4.1. Slow light and delay lines
For a one-dimensional PC, the dispersion curve for frequencies between two FZs is shown in Fig.6. By analogy with the concept of quasiparticles in the theory of a solid body, taking into account the fact that the group velocity of light in an optically dense medium is given by the expression
Vg = ∂ω / ∂q,
for quite a long time, many researchers have been using the concept of "slow light" for radiation with a wavelength located near the edge of the FZ, because at the edge of the zone this derivative of the dispersion curve turns to 0. The increase in efficiency interactions of light with the medium in absorption, scattering, light conversion, etc. observed in the experiments conducted on the basis of these ideas, in this case are explained by an increase in the power density due to the light slowing down (see, e. g., [13]). It should, however, be borne in mind that near the FZ edge the regions of low group velocity have a very narrow spectral length. Therefore, when explaining the observed effect in this way, the question arises whether it is correct to use the concept of group velocity with extremely strong dispersion with respect to a finite width pulse.
In [27], the passage of short light pulses through periodic structures with a complex unit cell with several types of excitonic quantum wells on the period was theoretically studied. The structures with 70–80 periods, having a FZ, were considered. The authors report that the parameters of this structure were optimized for maximum deceleration with minimal losses and small distortions of the pulse shape. A calculated delay of 2 ps was obtained, which corresponds to a deceleration of the speed of light compared to a vacuum by 50 times. The intensity of the pulse during the passage of such a structure according to calculations decreases by 4 times. This is possible only for pulses with a rather narrow spectrum with a duration of more than 10 ps.
4.2.
LOW-THRESHOLD LASERS AND NONLINEAR OPTICS
The advantage of photonic crystals is an increase in the power density of radiation in specific areas of space when the radiation spectrum is near the edge of the forbidden zone in the transparency windows. This can lower the thresholds of non-linear phenomena. In particular, with the introduction of an amplifying medium into the region of increased power, low-threshold lasing can be obtained [29, 30].
In [29], the surface (Tamm) state in the band gap of a one-dimensional periodic structure with a defect was used to control the low-threshold generation wavelength. This is the name of a state with a transparency window, which occurs in the FZ of a periodic structure that has a defect in periodicity. At the same time, for radiation in this transparency window, there is a strong amplification of the field amplitude, as a rule, a much stronger one than that for an ideal crystal transparency window adjacent to the FZ. In the vicinity of the defect, the spatial localization of radiation is observed. In the case of a thick defect layer, this is essentially the Fabry-Perot interferometer. In [29], the defect was filled with a nematic liquid crystal to control the Tamm state.

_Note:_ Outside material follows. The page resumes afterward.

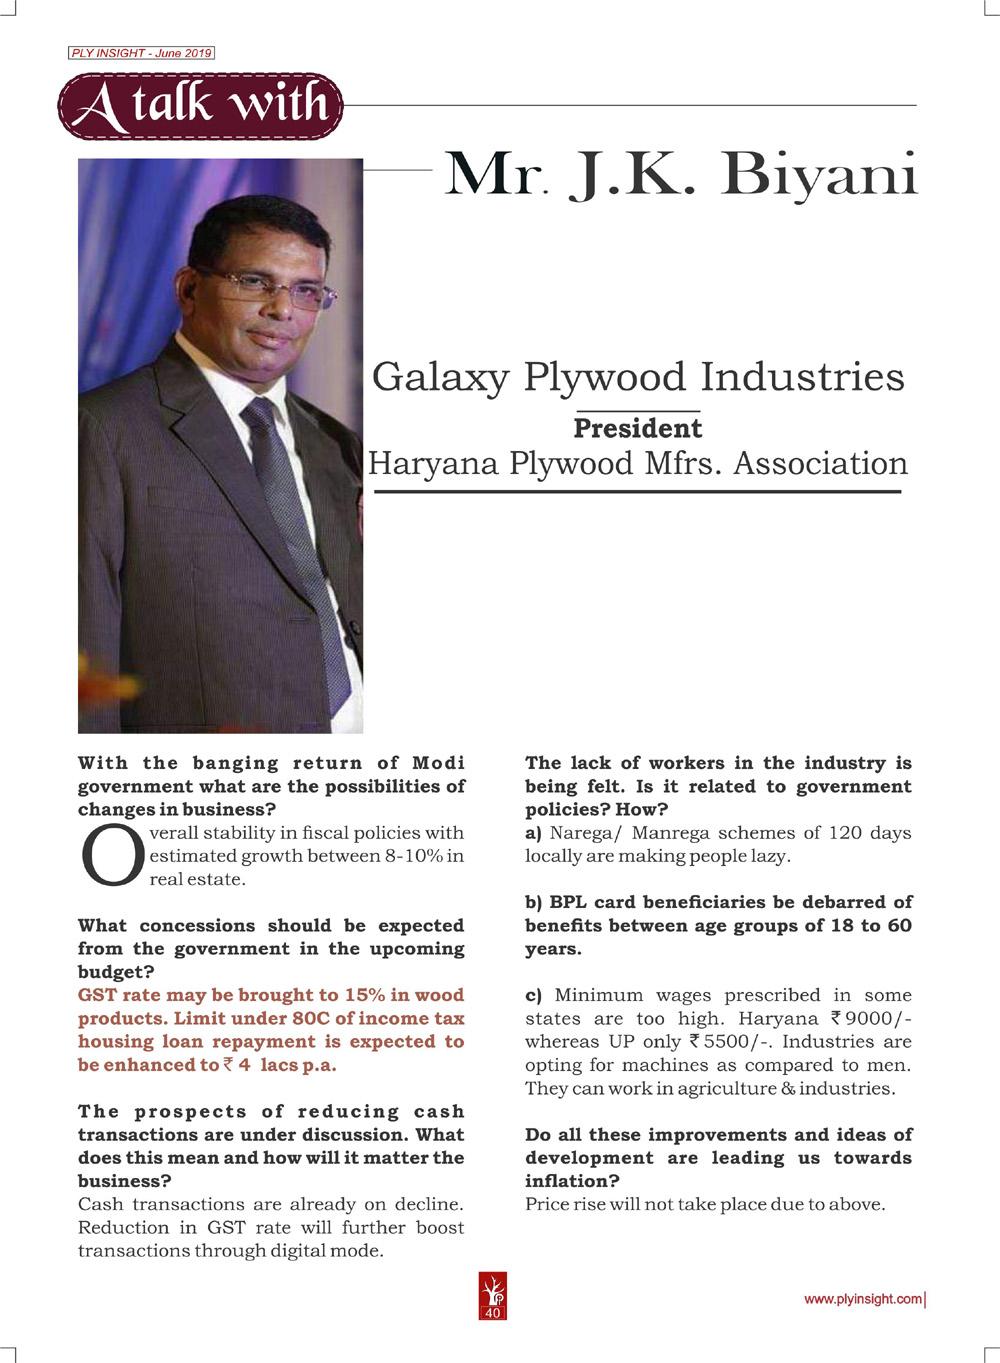 Mr. J.K. Biyani

The multilayer structure was composed of SiO2 and TiO2 layers deposited on an In-Sn-coated oxide glass substrate. The refractive indices of SiO2 and TiO2 were 1.45 and 2.35, respectively. The thicknesses of the SiO2 and TiO2 layers were 103 nm and 64 nm, respectively. As a result, the center of the FZ was at a wavelength of 600 nm. Five pairs of SiO2 and TiO2 layers were deposited on the substrate. Two such samples were superimposed on each other so that the coatings were facing each other, separated by a gap of 1 µm. This gap was filled with a liquid crystal (LC), which was oriented parallel to the surfaces of the samples. The refractive indices of ordinary and extraordinary rays are no = 1.5 and ne = 1.7, respectively. When a voltage was applied for radiation, the electric field of which is oriented along the y axis, all 4 transparency windows inside the FZ, when exceeding 1 V, began to shift to the shortwave region and shifted by 40 nm at a voltage of 8 V.
For a laser experiment in a similar pattern, the LC was mixed with a dye as an active medium to fill in the gap. The medium was excited by an 8 ns pulse of the 2nd harmonic of a neodymium laser (Nd: YAG). According to the authors, the threshold for the appearance of strong radiation was 5 µJ / pulse. The emission line offset was 25 nm with the application of voltage 2 V.
In [30] a scheme in which, according to the authors’ calculations, the generation threshold can be reduced according to the N‑5 law, where N is the number of periods of the photon structure, is proposed.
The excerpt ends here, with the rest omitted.